» **WHAT TO WORK ON**: Could you retype the whole listing word for word and drop the images?

[[ DATA EXCERPT open ]]

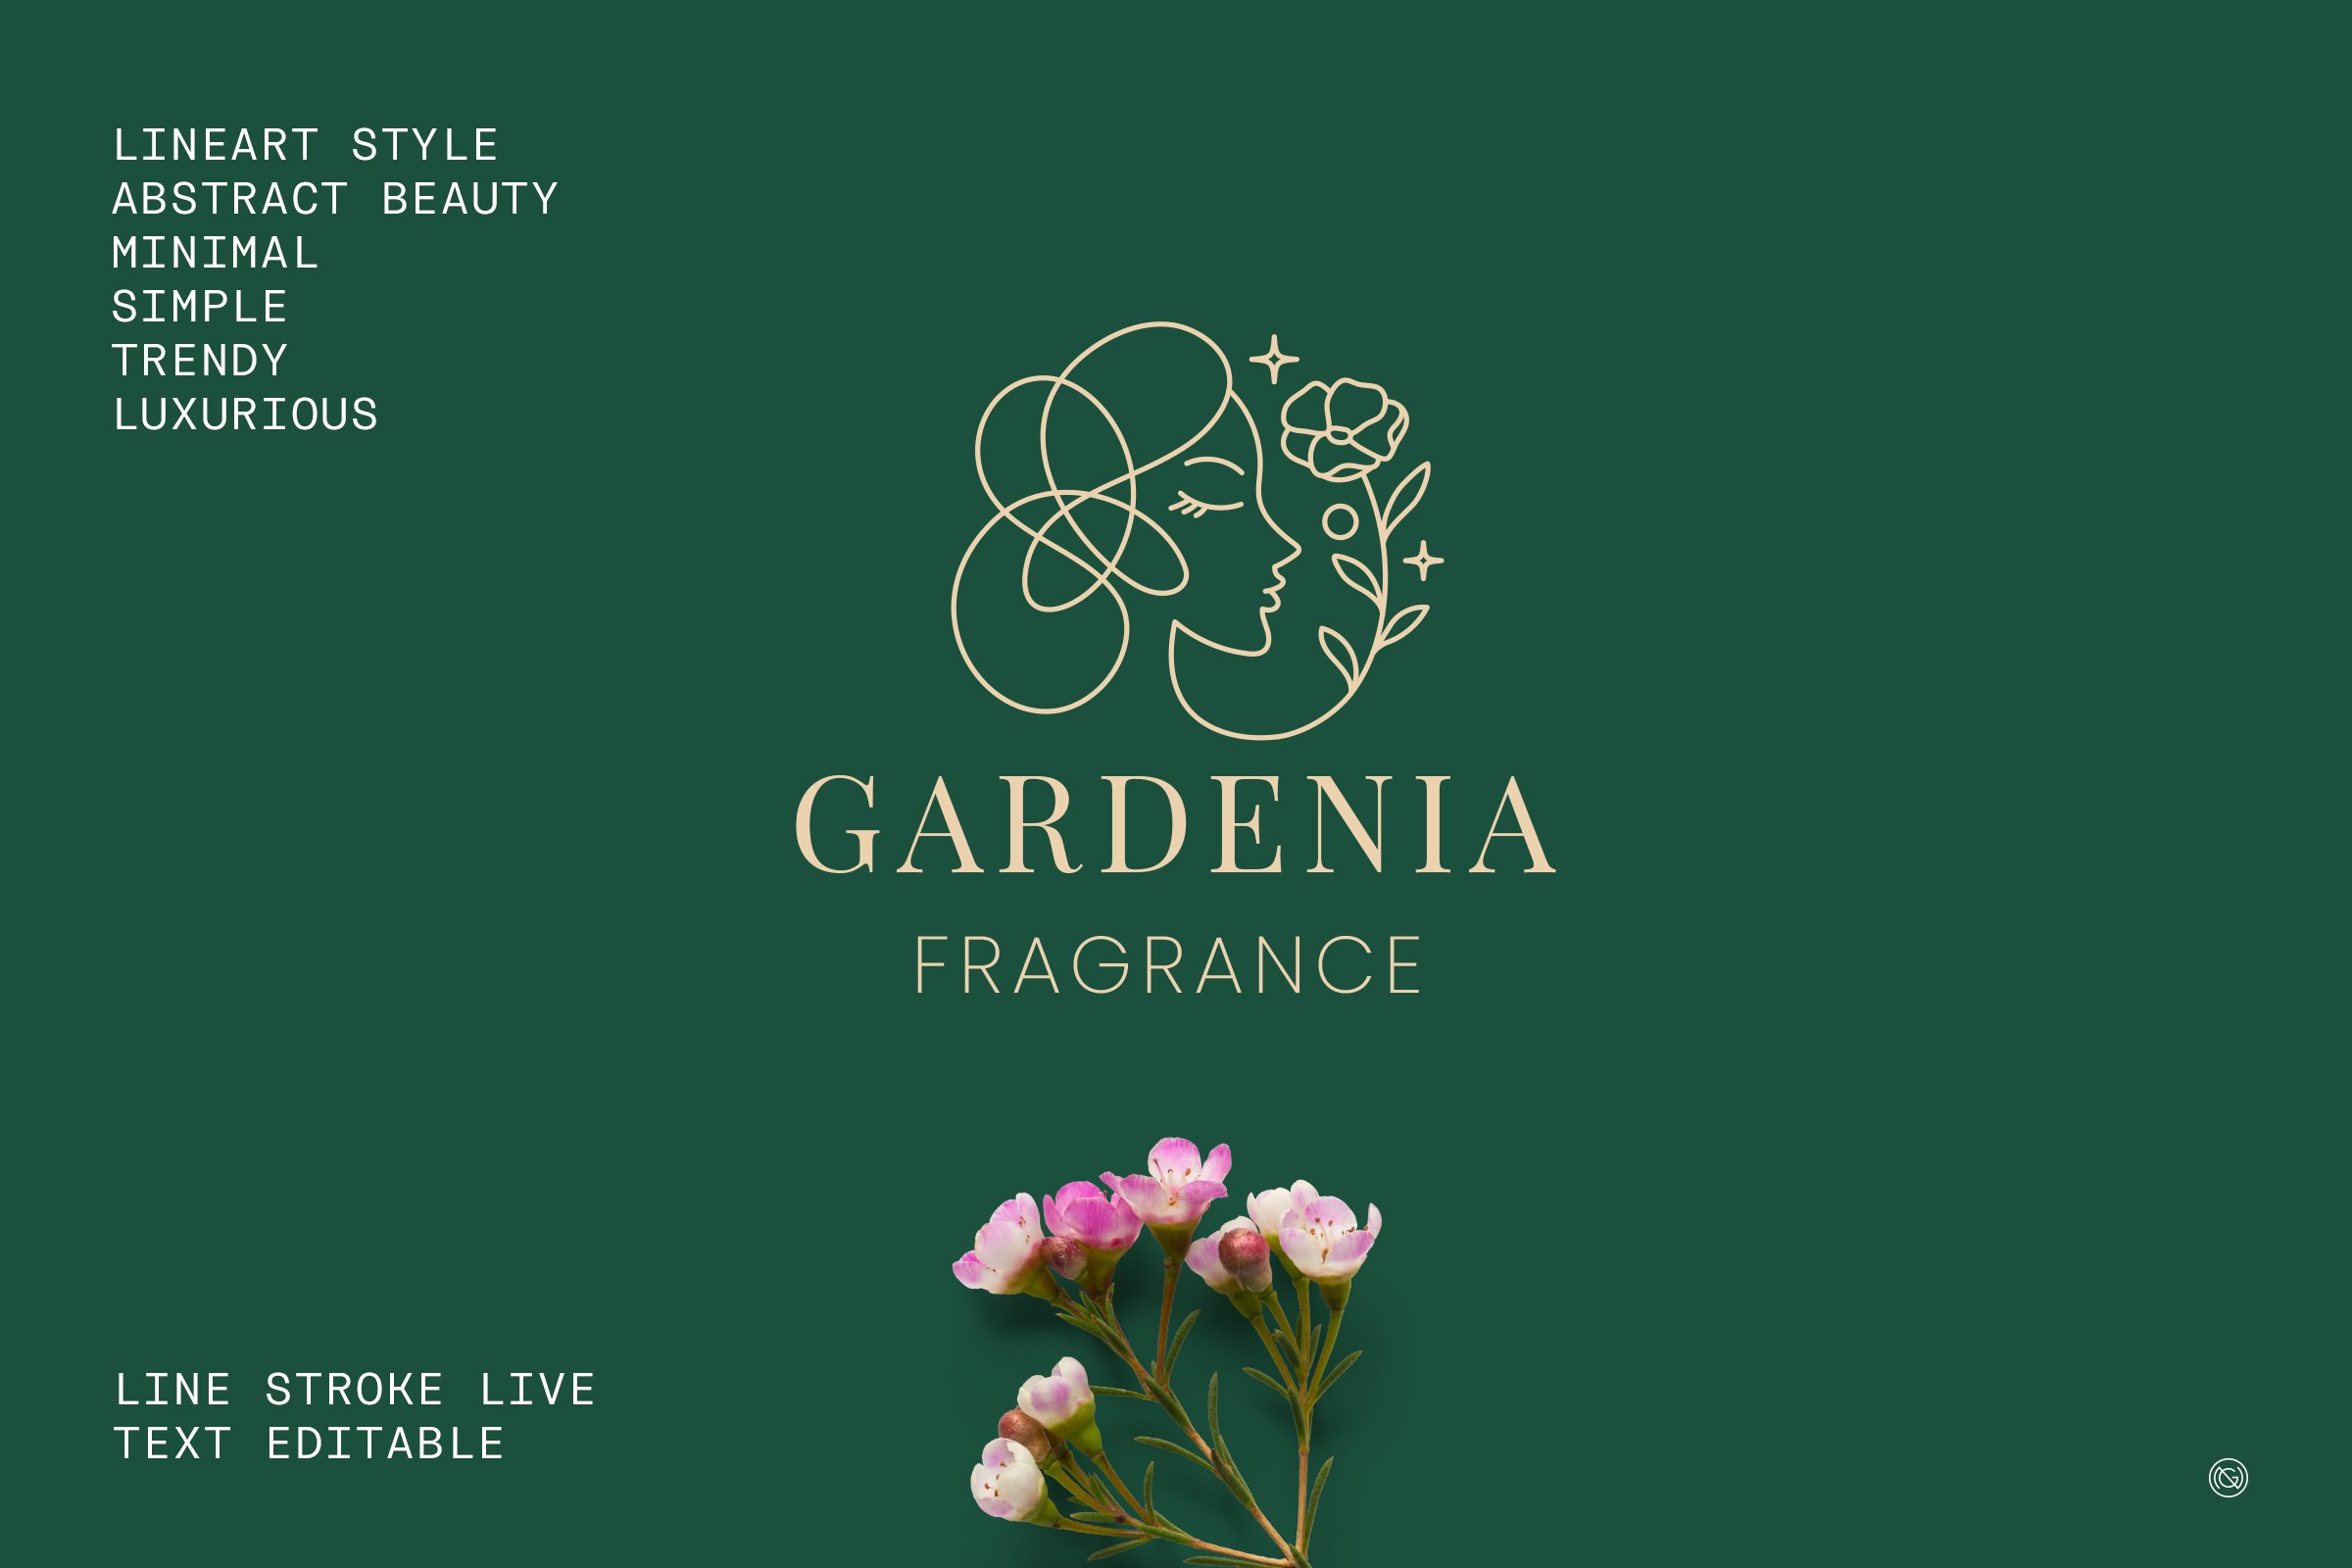 Gardenia Logo Template cover image.
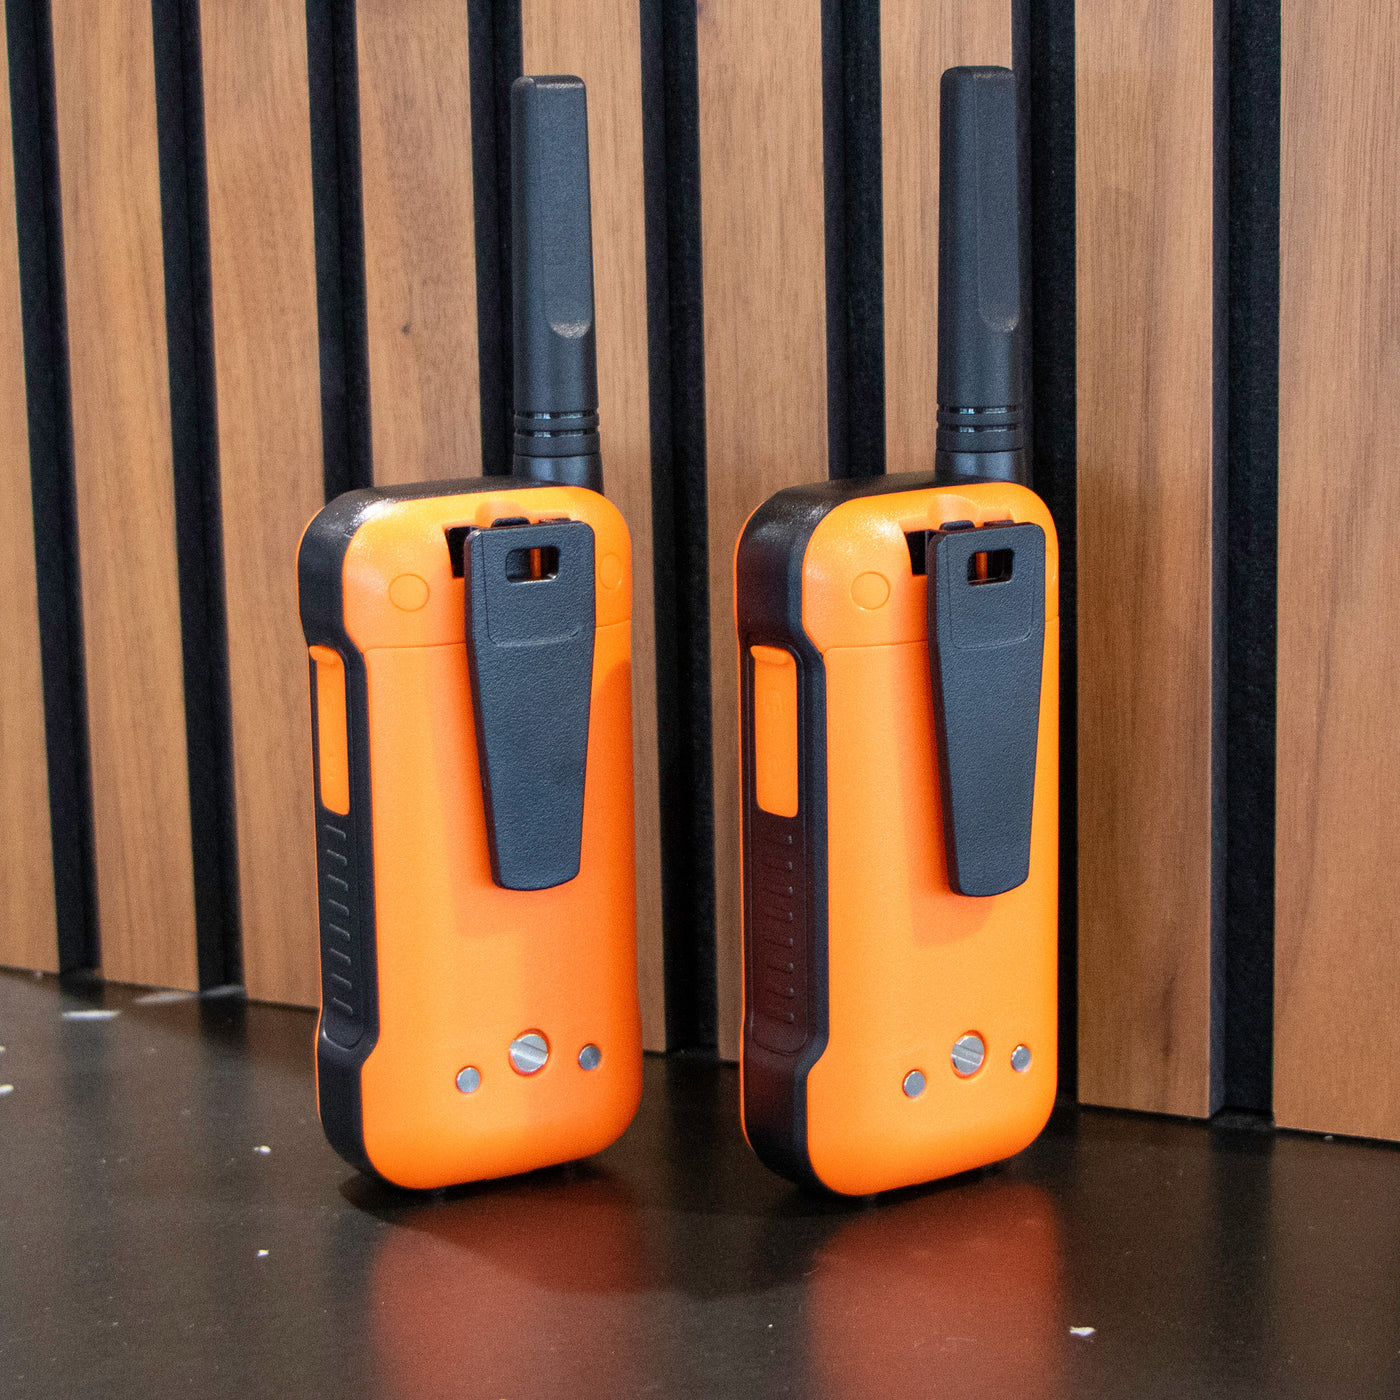 Alecto FR300OE - Ruggedized Two-Way radio, range up to 10 kilometers, orange/black
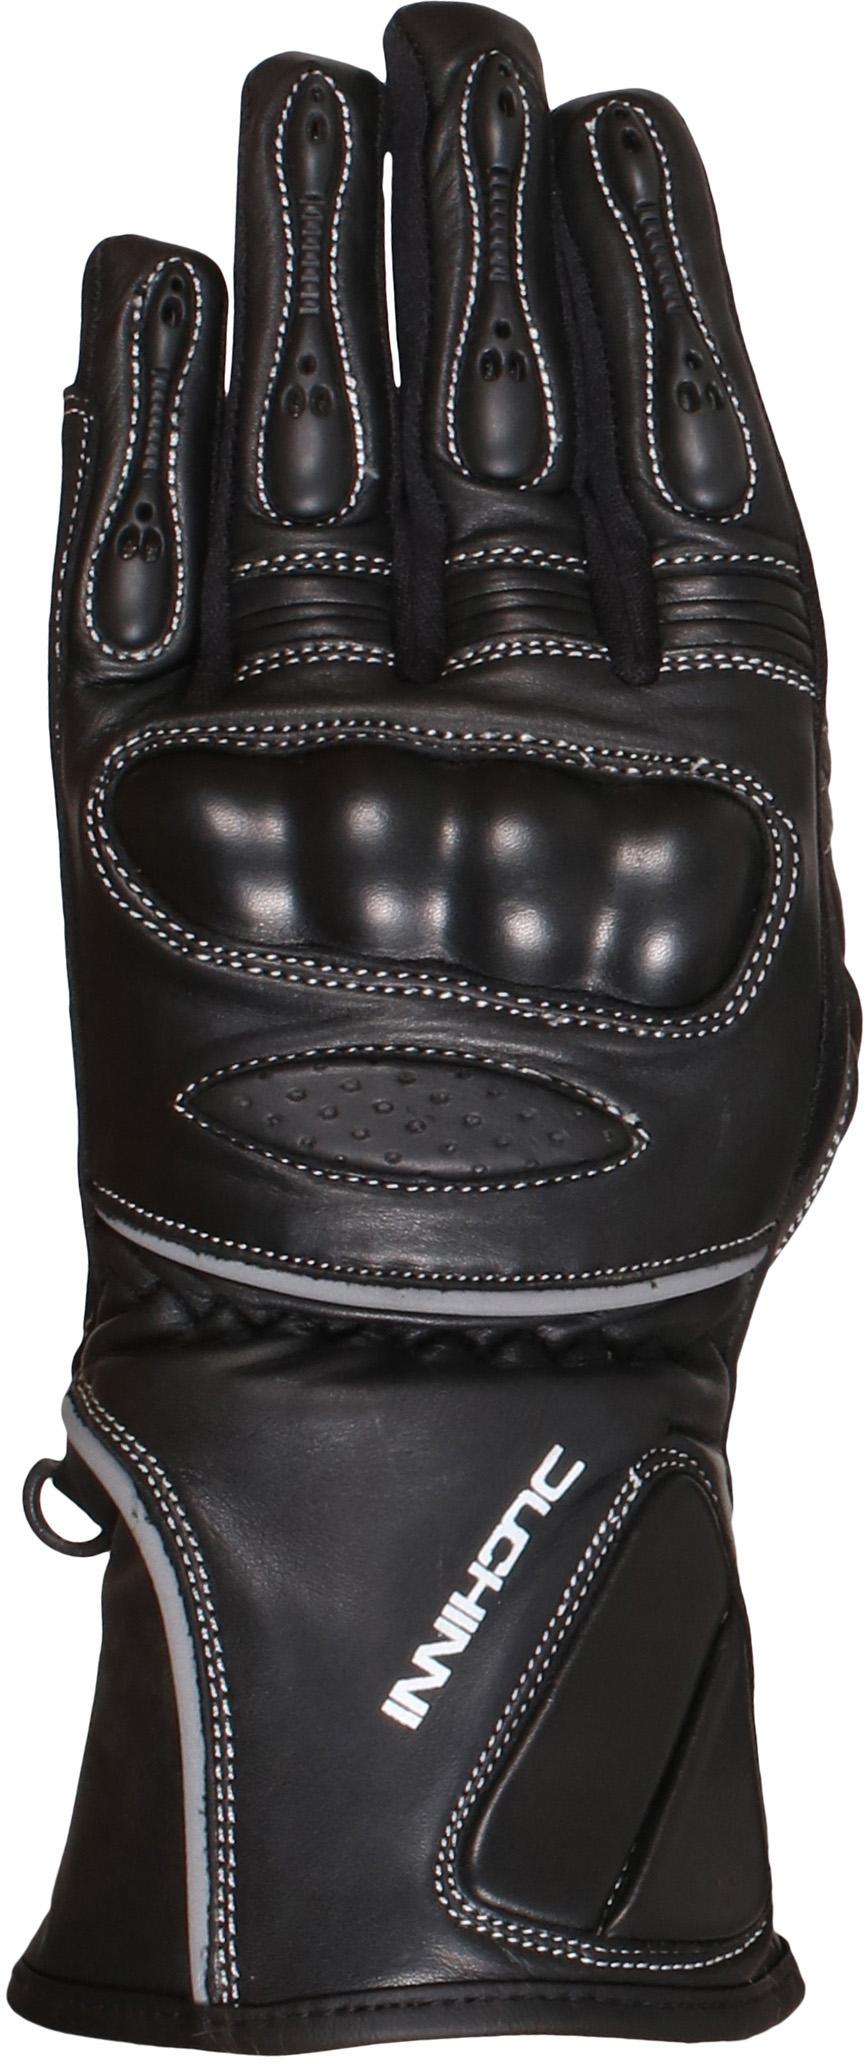 Duchinni Como Motorcycle Gloves - Black, S

[[ DATA EXCERPT closed ]]

» **PROBLEM SOLUTION**:
 Gardenia Logo Template cover image.
 Alecto FR300OE - Ruggedized Two-Way radio, range up to 10 kilometers, orange/black
 Duchinni Como Motorcycle Gloves - Black, S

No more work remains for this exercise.